The Complete Guide to a Landing Page
Your website could have hundreds of thousands of visitors a day, but if those visitors are simply dropping by your site only to bounce off and go elsewhere, you are missing out on valuable leads. This is where lead generation-focused landing pages come in.

Landing Page vs. Webpage
At first glance, a landing page and a webpage may seem like the same thing. However, they are, in fact, very different entities and serve two separate purposes. A traditional webpage contains the core content of your website. The goal of a webpage is to provide the page visitor with quality content, to establish your qualifications or another moderately abstract goal. The goal of a landing page is much different. When visitors come to a landing page, your goal for them is simple: to take an action.
Landing pages have a job to do. They work to get visitors to take a single action, turning these page visitors into new leads for you.
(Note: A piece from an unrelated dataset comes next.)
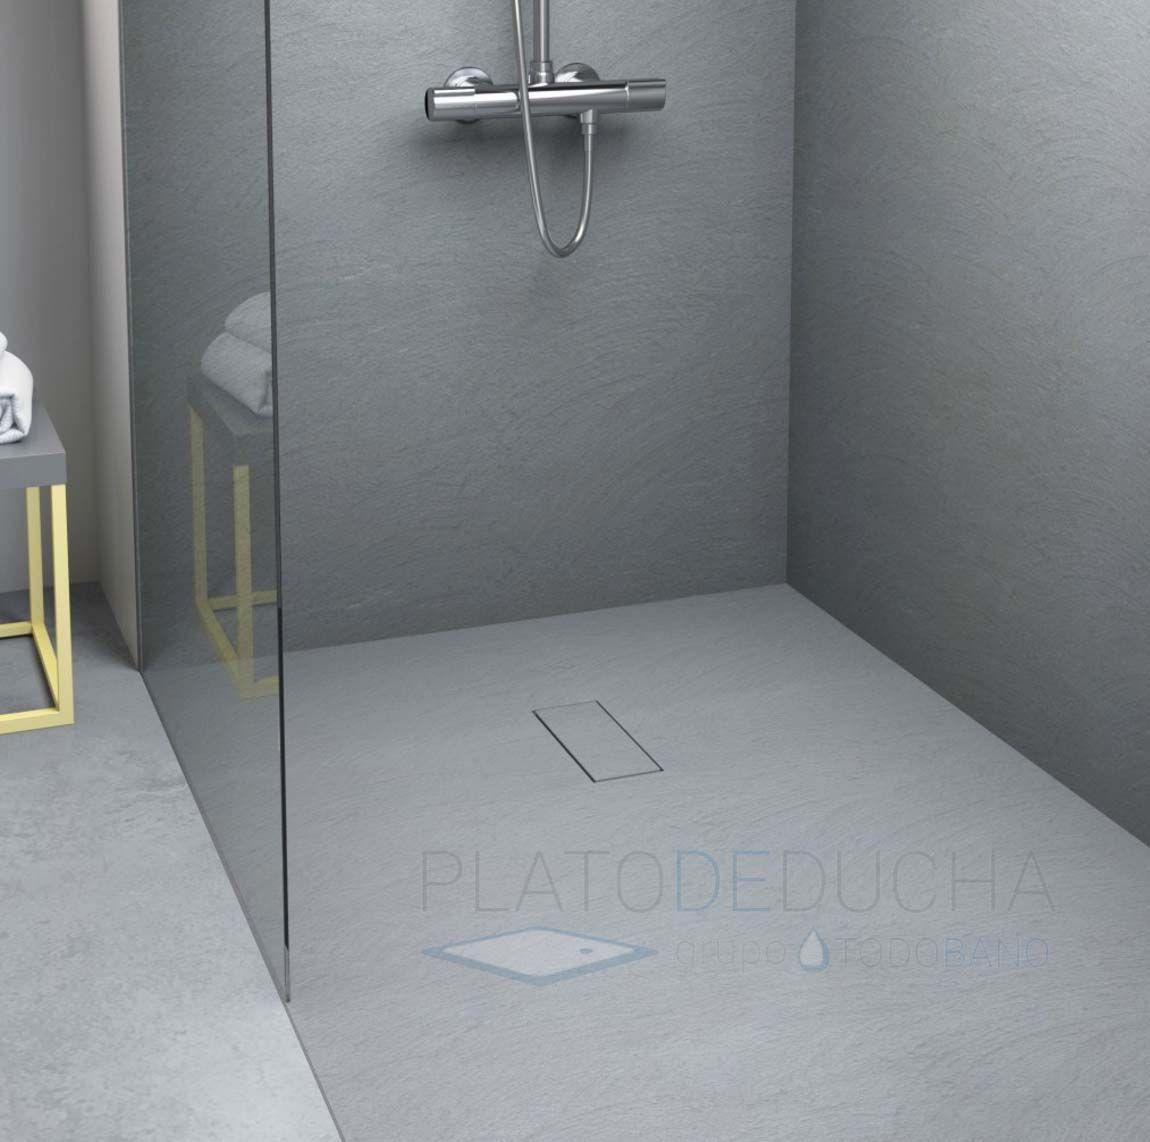 Plato De Ducha De Resina Cement Con Una Original Textura Cemento

The action you encourage landing page visitors to take can be anything that captures them as a lead: submit contact information, sign up to receive an email with more information, make a purchase, download a piece of valuable content (known as a lead magnet), or simply engage with your brand. As soon as they submit the information and hit the button to submit, it is called a conversion. Congratulations! You’ve just utilized a landing page to capture a shiny new lead.
The Key Elements of a Successful Landing Page
Get Your UVP and USP Front and Center
A landing page is meant to grab visitors and capture their attention for only a short period of time, eventually leading to the goal of adding those visitors to your marketing funnel as potential leads. That means you need to make sure your USP and UVP are immediately known to avoid visitors from bouncing off of your landing page.
• Unique Value Proposition (UVP) – This is your company’s identity. Your UVP tells landing page visitors who you are and what you are about. The UVP tells your story in concise way that should immediately build affinity with your brand.
• Unique Selling Proposition (USP) – This tells people why they should care about what you offer. A good USP causes people to desire your product or service. A great USP will make landing page visitors realize almost immediately that they would be foolish to not fill out your lead capture form to engage with your brand.
A UVP tells landing page visitors who you are and the USP follows up by showing visitors that they should care about what you are offering.
Fluid Design
A good landing page will perfectly walk the line between being visually appealing, yet cohesive enough to carry visitors smoothly through the page and completing your lead capture form.
A multi-media landing page – text, photos, video, infographics, pull quote reviews – will help your landing page appeal to a broader audience and increase the legitimacy of your landing page. A good landing page will provide a multimedia experience. A great landing page will do so without feeling cluttered, giving visitors a clear, enticing path to complete the page’s call to action.

Call to Action (CTA)
The most important element of a successful landing page is a clear, persuasive call to action (CTA). The purpose of a landing page is to capture information from visitors in order to convert them into leads and nurture those new leads through their customer journey. While landing pages can have multiple CTAs, one should be your central focus and should stand out against all others. Sure, it may be great for a landing page visitor to follow your brand on social media. This is a secondary CTA that can be added in a less prominent location. The goal of the landing page is to capture a visitor’s name and contact information. Therefore, the CTA should be front and center, preempted by strong reason(s) why it will be a great benefit for that visitor to provide their information.
Lead Capture Form and Button
Although it may seem relatively simple, the lead capture form can often present many challenges in actually converting landing page visitors into tangible leads. The main goal of a landing page it to get visitors to absorb the information, submit their information and hit the all-mighty final submission button.
When creating a fantastic lead capture form consider:
• Positioning. Position your lead capture form above the fold (no scrolling required).
• Length. Limit the number of required fields. Remember, you can always ask more questions to qualify the lead in a later stage of your marketing funnel.
• A Great Button. Consider a button that says something other than simply, ‘Submit.’
• Confirmation. Send an email confirmation with valuable content/information in addition to redirecting to a thank-you page.
The Marketing Funnel
Once your landing page visitor has filled out the lead capture form and submitted their contact information they become a part of your marketing funnel. This means that they are now a moderately warm lead. Your company’s Unique Value Proposition (UVP) has resonated with them. Furthermore, the landing page’s specific Unique Selling Proposition (USP) is something they have expressed interest in. While this is great news, this is where it is up to your marketing team to continue nurturing that lead through the marketing funnel, giving them multiple touchpoints, until they reach the point of sale or conversion.
Remember, a good landing page will only work if you work it right! Don’t forget to launch some A/B testing to determine how visitors are responding to variations in your landing page. Even the smallest variation may lead to drastically higher conversion rates. A/B testing combined with ongoing analysis and optimization of your landing page(s) will help you fill your marketing funnel with well-qualified leads.